Among the entries below, only the lines from the one with "La Lead Generation per Fitness Club" through the one with "Nuwara Eliya to Ella Train.jpg" are wanted, reproduced exactly. Pictures are not wanted.

SUPPLIED MATERIAL
****

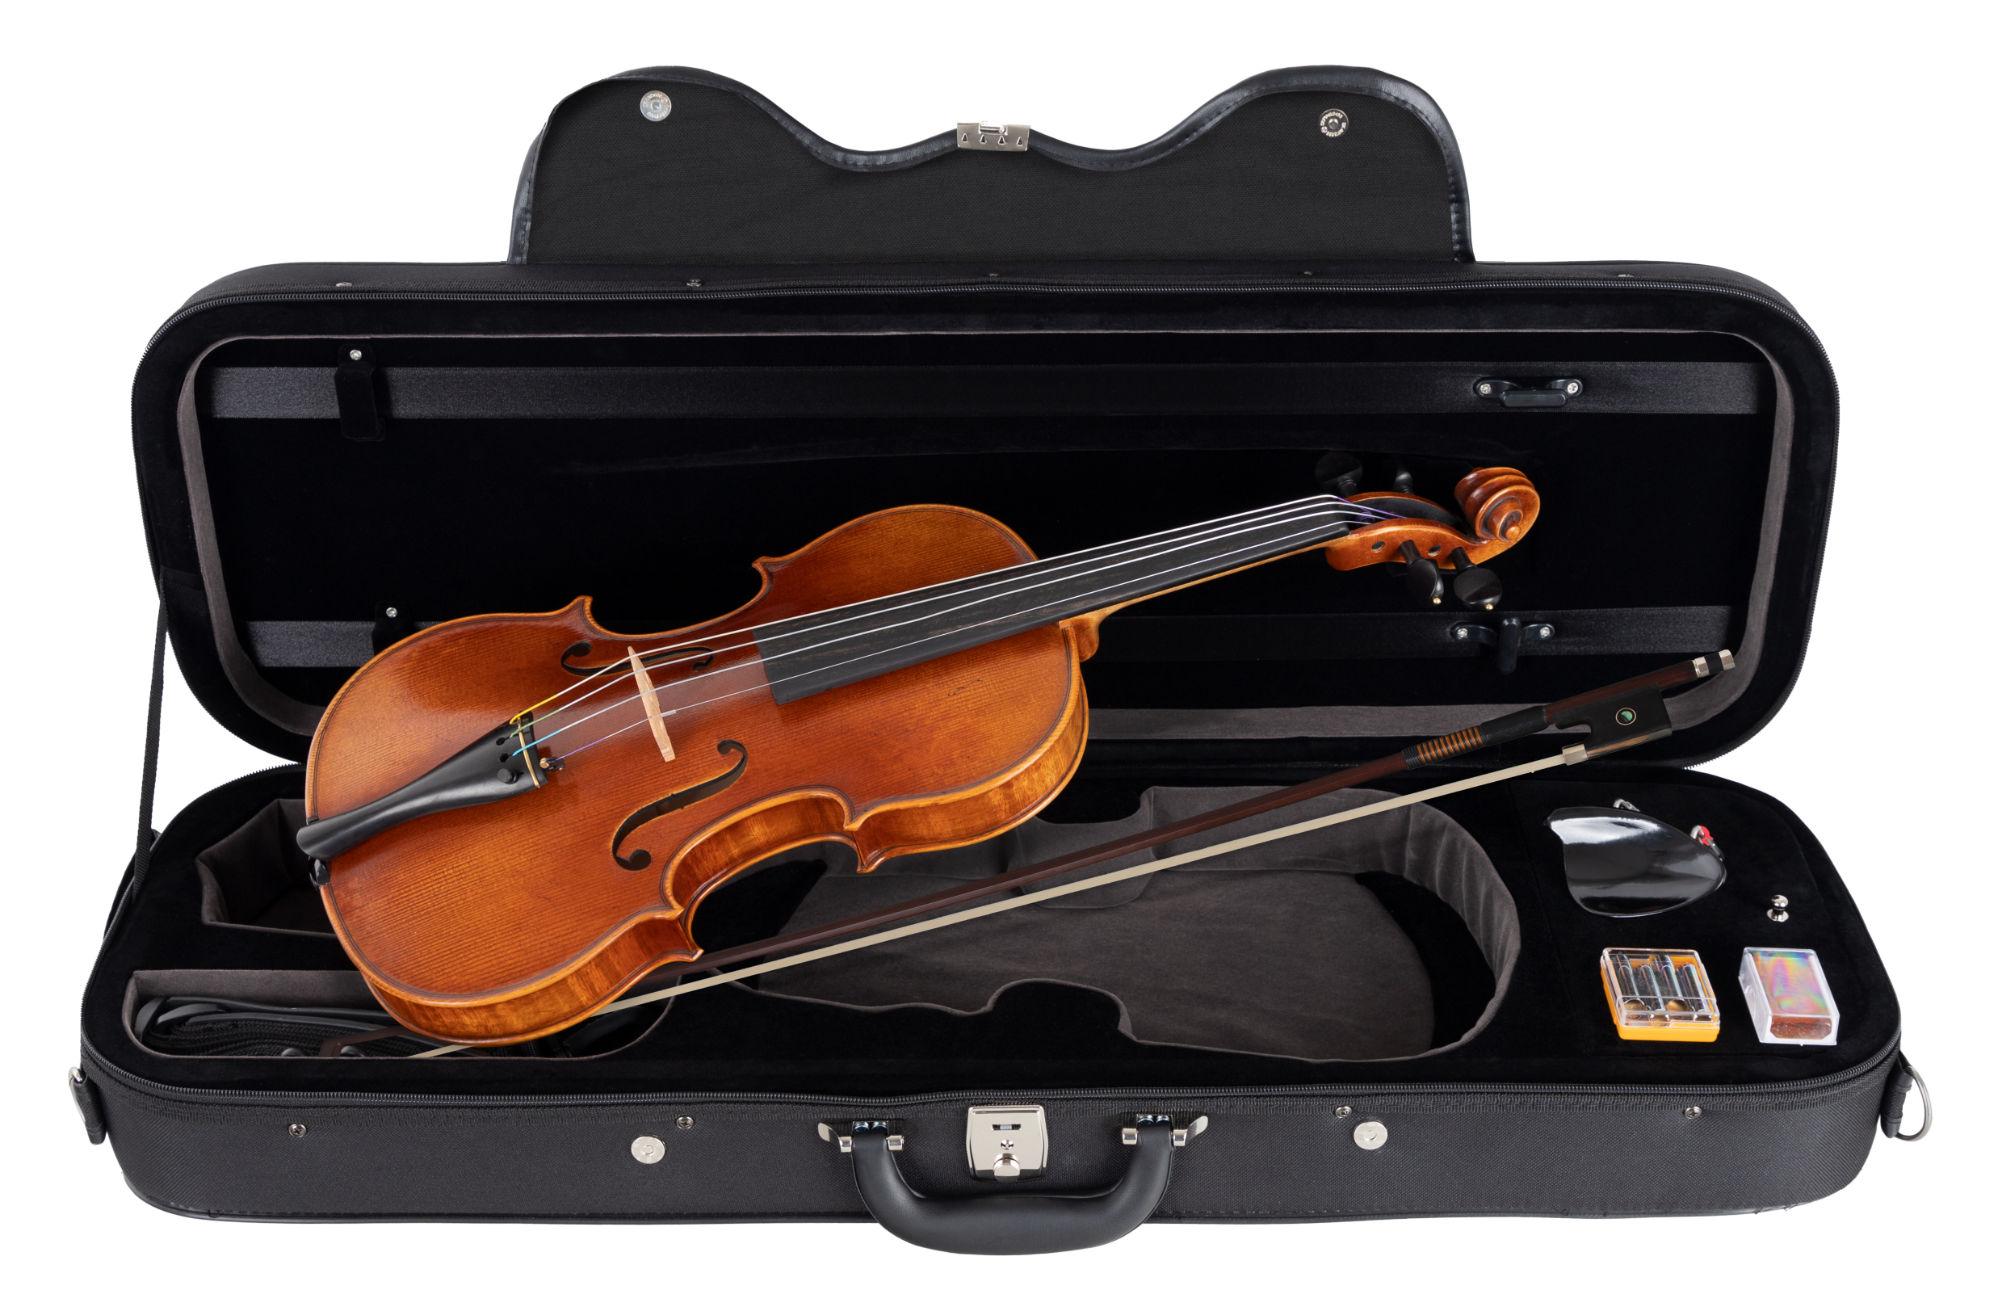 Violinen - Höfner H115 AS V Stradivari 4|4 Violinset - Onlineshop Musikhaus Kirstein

****

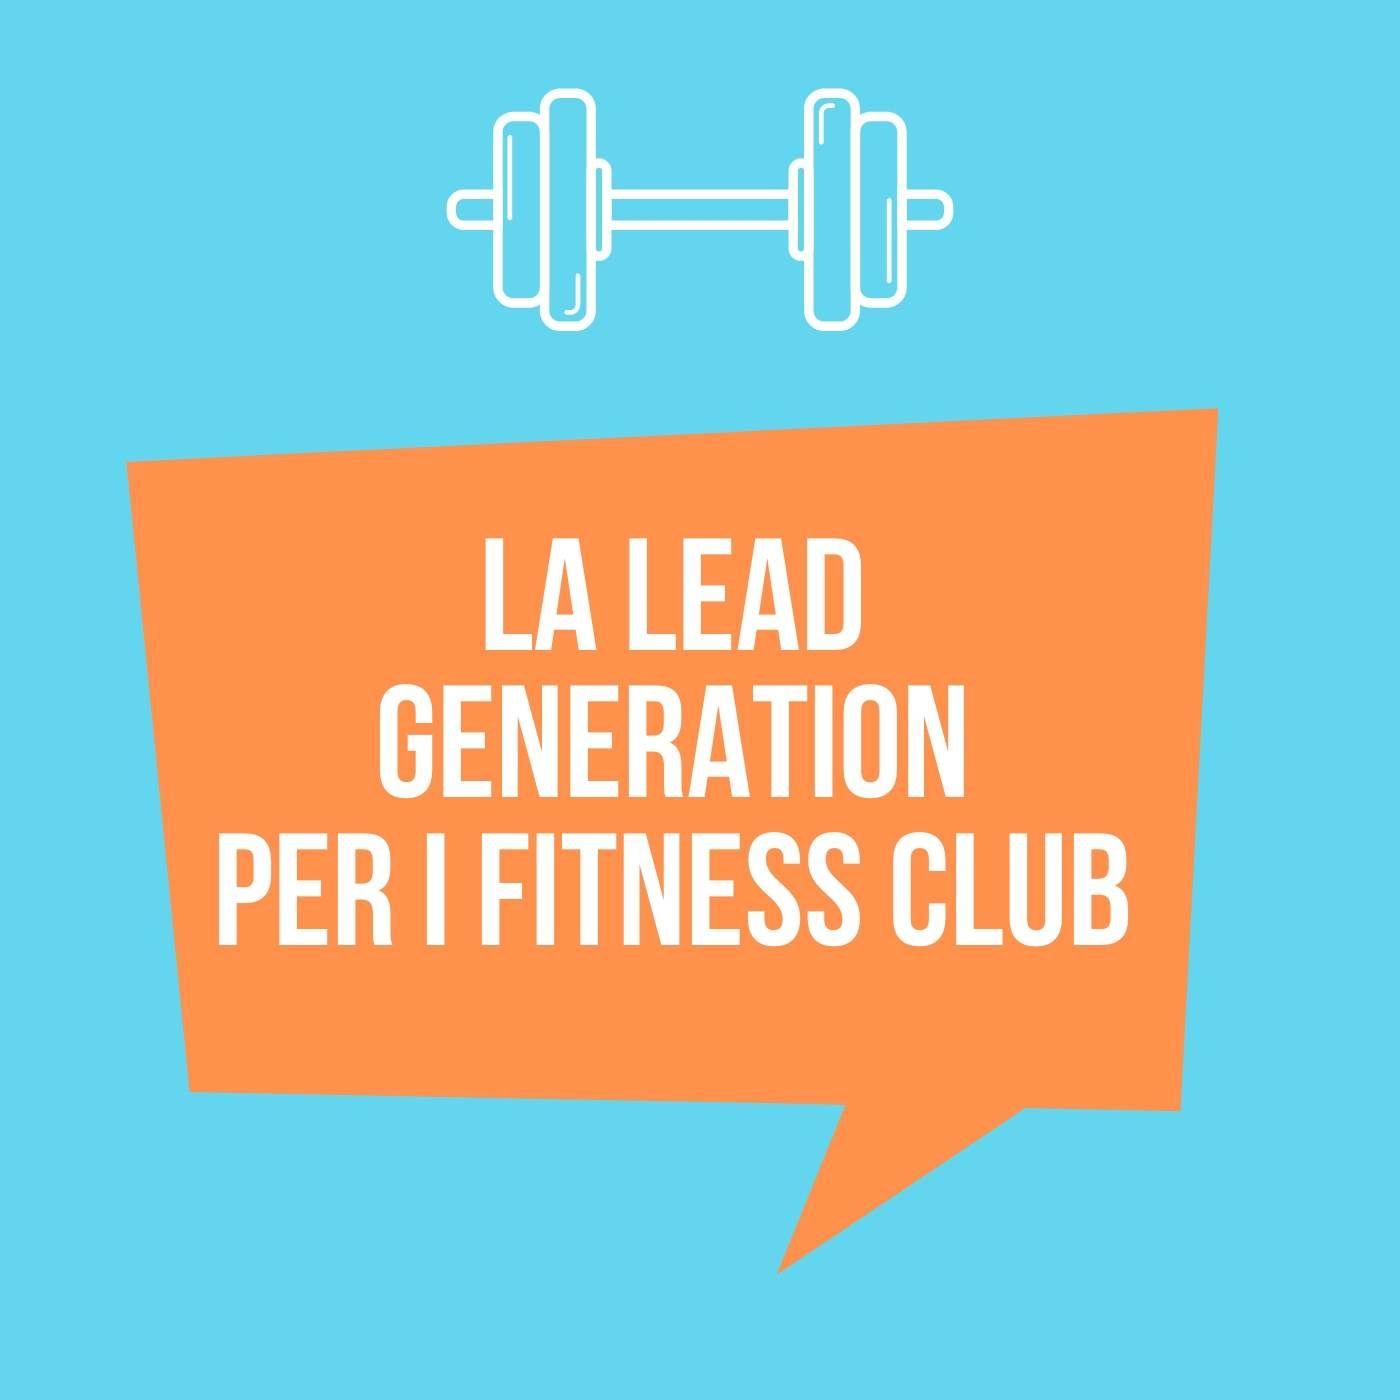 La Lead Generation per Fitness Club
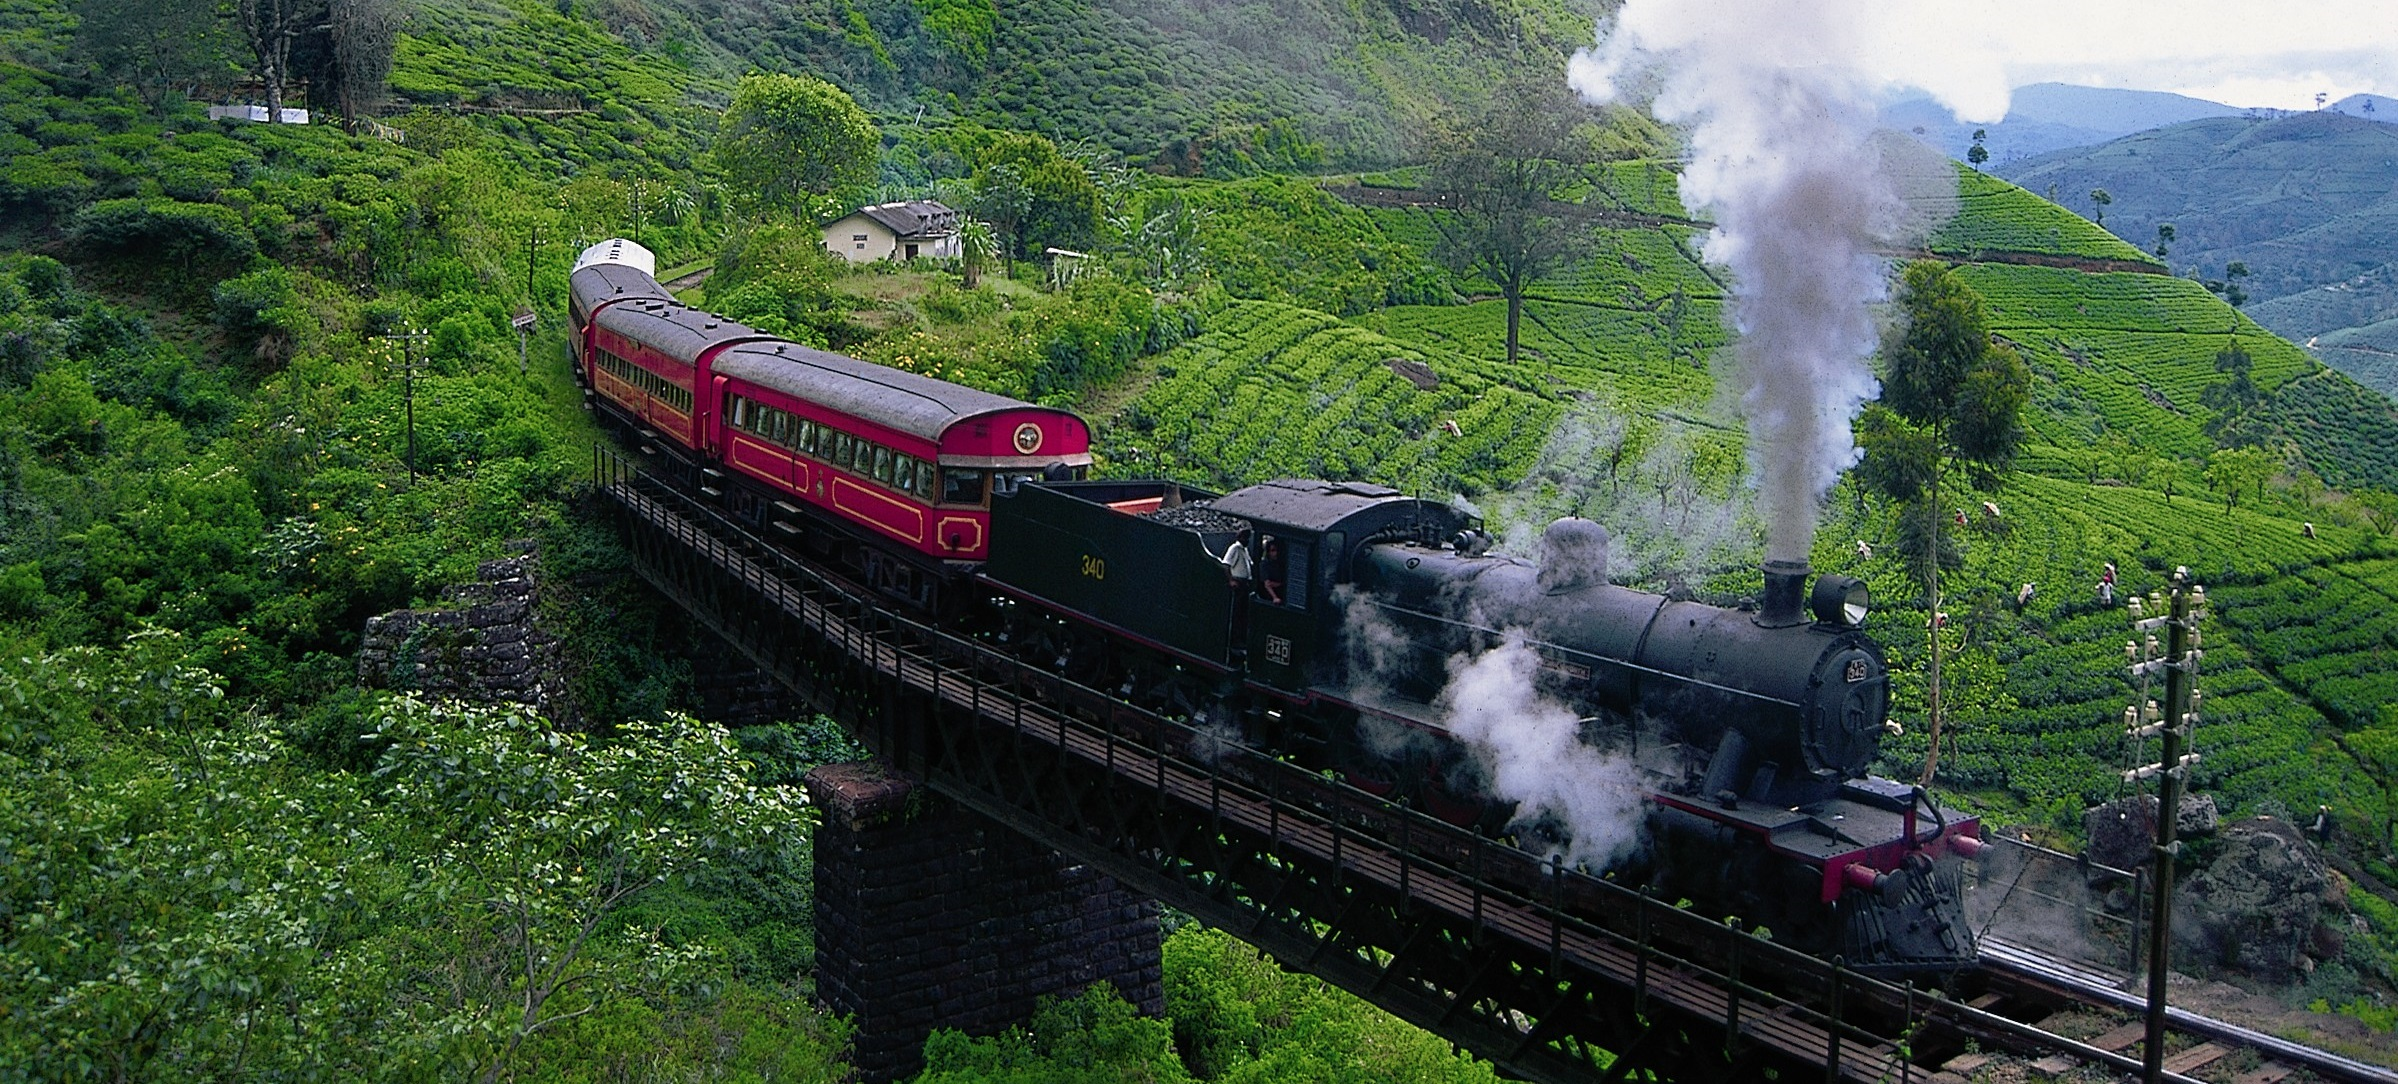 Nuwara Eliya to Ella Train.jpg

****

WRITTEN ANSWER
 La Lead Generation per Fitness Club
 Nuwara Eliya to Ella Train.jpg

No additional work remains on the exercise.